Browser Based Sonic Zoom: Using Javascript, HTML5, and Spatial Sound as Enabling Technology

Cameron Swaim, supervised by Gary Bishop

In public schools, children spend time in the computer lab reading interactive storybooks, playing games, and using educational programs. For children who are blind or visually impaired, this leaves them with very few options, possibly nothing. Sonic Zoom was written in Spring 2004 by a group of students working on a semester project to help alleviate this problem, and has become a major hit in the blind and visually impaired community. Sonic Zoom was developed as a Microsoft Windows and DirectX application. With the advancements in technology since that time in HTML5 and Javascript, remaking the classic and well loved game for the browser would allow easier distribution and widespread access. HTML5, the Dojo Javascript Framework, and sound editing applications were used to remake Sonic Zoom for the browser. The game works very similarly to the original Sonic Zoom, using all of the same sounds and controls, but is now available to anyone with an HTML5 and Javascript enabled browser.

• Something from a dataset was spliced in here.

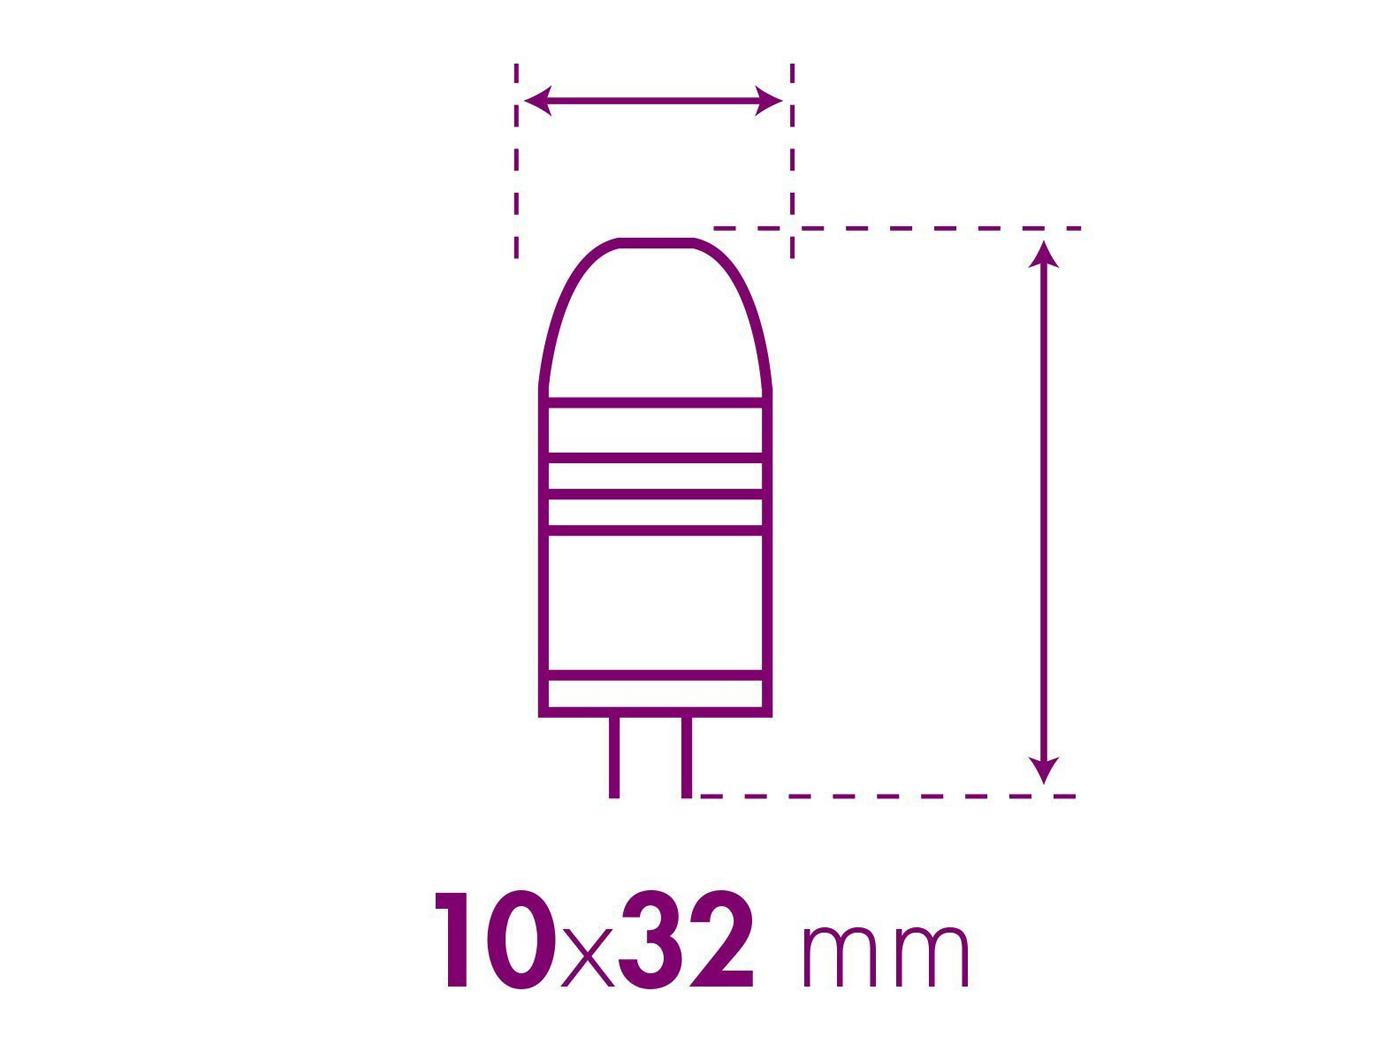 niedervolt smd led leuchtmittel 1 2 watt warmwei g4 12v xq lite ebay. Black Bedroom Furniture Sets. Home Design Ideas

Cameron Swaim is a senior Computer Science major from Sherrills Ford, N.C. His research under Professor Gary Bishop focuses on enabling technology and emerging web technologies. Currently he is working for Adzerk, a startup in Durham at the American Tobacco Campus that specializes in ad server technology.

Effect of Transient Cross Traffic on the RAPID Congestion Control Protocol

Rebecca Lovewell, supervised by Jasleen Kaur

The RAPID packet-scale congestion control protocol is a new paradigm that allows end-to-end transport protocols to scale to ultra-high speed networks. While most existing protocols can attain a single-stream throughput of no more than a few Gigabits-per-second, this paradigm promises to scale up to Terabit-and-higher speeds.  It does so by analyzing how finely-controlled inter-packet gaps change in the network. However, RAPID faces several open challenges, including sensitivity to noise in the end-to-end delays experienced by packets. In particular, RAPID is especially responsive to transient cross traffic at bottleneck links within a network. In this project, we conduct an experimental analysis to quantify the extent to which such transient cross traffic can impact the RAPID throughput. Preliminary results help form guidelines on how to configure the protocol parameters.

Rebecca Lovewell is a senior computer science student from Winston-Salem, N.C.  She has worked with Dr. Jasleen Kaur since January 2011.